FRIGHT NIGHT BEFORE CHRISTMAS

'Twas the night before Christmas, all were hiding in fear
'Cause Santa's gone crazy; all he's spreading is fear

He's slaughtered the elves, and Mrs. Claus, too
He's cooked all the reindeer, he's made Rudolf stew

Why did Santa go bonkers? We may never know
Was it too many cookies? Did he eat yellow snow?

Now he's hunting the naughty, and also the nice
But he hasn't got presents; now he carries a knife

There came from the yard such a horrible clatter
It was Santa himself, with gore all a-splattered

As he came toward the door with a chainsaw in hand
I lay on the floor thinking this was the end

That's when I awoke; I was still in my bed
The house was still quiet; 'twas all in my head

No more Jason or Freddy will I watch late at night!
Merry Christmas to all, and to all a good fright!


----------



## Scary Godmother (Oct 13, 2007)

Yikes! I may not sleep tonight. That was creepy and cool. I'm glad it turned out to be a nightmare! LOL


----------



## HalloweenZombie (Jul 22, 2007)

That's the best Christmas anything I've seen all year.


----------



## Sickie Ickie (Jun 20, 2006)

Very well done and put together!


----------



## scream1973 (Dec 23, 2007)

Hehehe.. good job


----------



## Don Givens (Dec 2, 2008)

That was great.

Scary X-mas and Happy Horror Days


----------



## Spooky1 (Aug 25, 2008)

Since it's getting to be Christmas time again I think it's time for renewing a Christmas poem.


----------



## fick209 (Aug 31, 2009)

Absolutely love it! Great job both of you


----------



## nixie (Sep 17, 2008)

That was great! You guys are so creative!


----------



## Spooklights (Jul 4, 2006)

This is a great parody. I loved the little music box going in the background; it made the whole thing seem almost normal.


----------



## scareme (Aug 29, 2006)

That was really funny. You guys are quite the team.


----------



## GothicCandle (Mar 26, 2007)

that was very good!


----------



## Devils Chariot (May 23, 2007)

Santa is overrated. (beetcha toit creepstah!)


----------



## Dark Angel 27 (Sep 11, 2008)

Devils Chariot said:


> Santa is overrated. (beetcha toit creepstah!)

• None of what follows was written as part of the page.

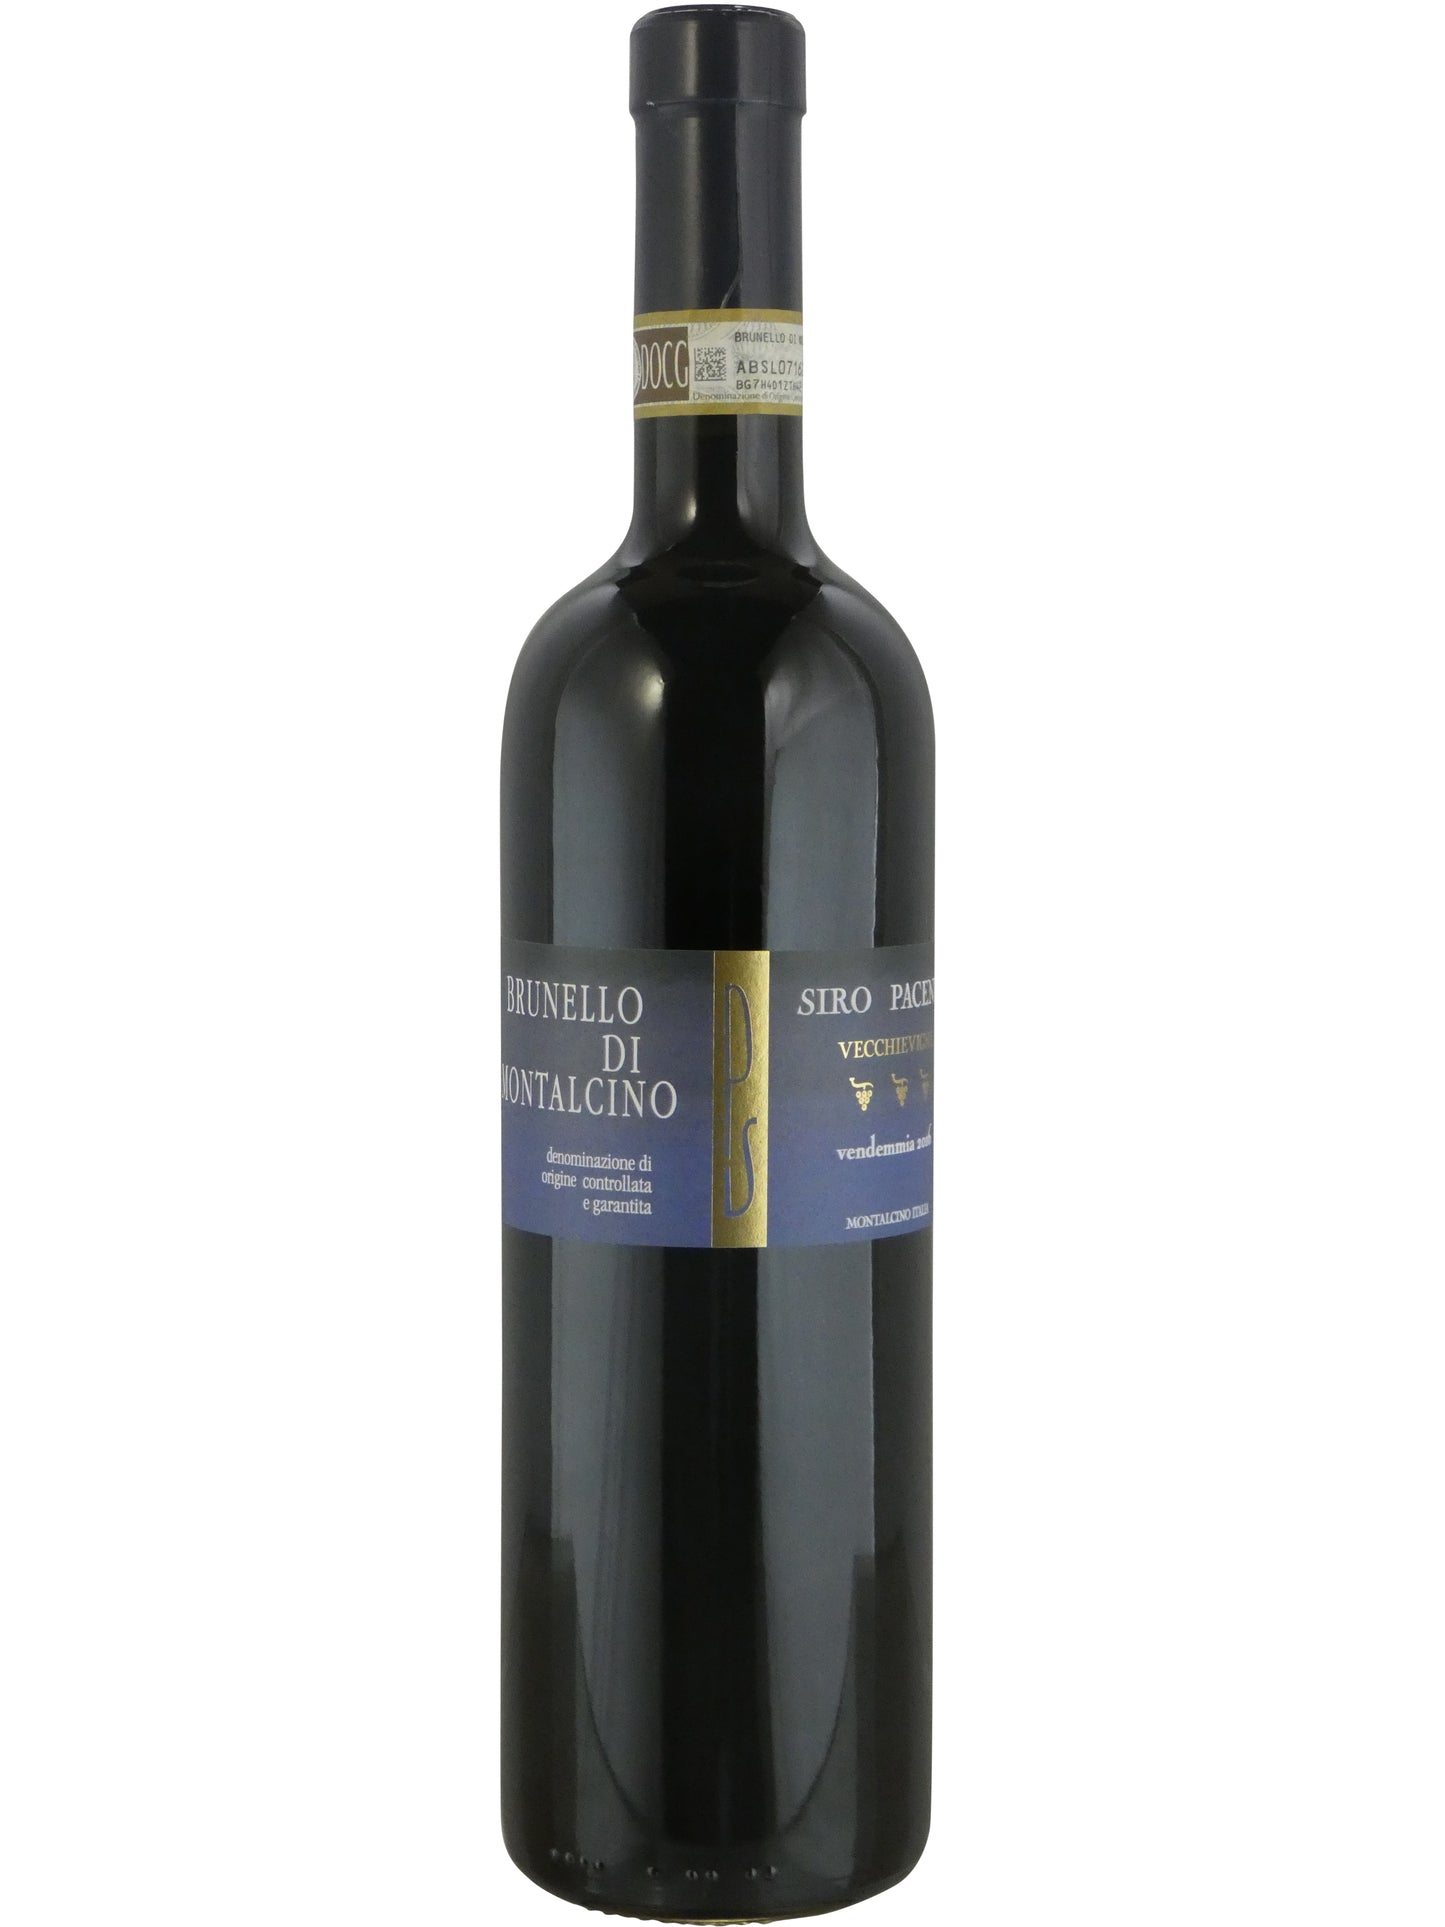 Siro Pacenti Vecchie Vigne Brunello di Montalcino - 2016 (750ml)

you two are still going at it? :lolkin:

The video is awesome and so is the poem! Roxy you have the perfect voice for that kind of poem!


----------



## RoxyBlue (Oct 6, 2008)

Glad you guys are enjoying it again this year

DA, I keep telling myself I've missed my calling


----------



## pyro (Oct 7, 2006)

sweet


----------



## Spooky1 (Aug 25, 2008)

We updated the link (in the first post) to a new version we saved on YouTube. Photobucket sucks for videos. 

FrightGuy included our poem in his Holiday Spooktacular podcast, posted on Dec. 24th.

Link is http://frightradio.podomatic.com/


----------



## scareme (Aug 29, 2006)

Pretty soon you guys will go pro, and we will be able to say we knew you when.


----------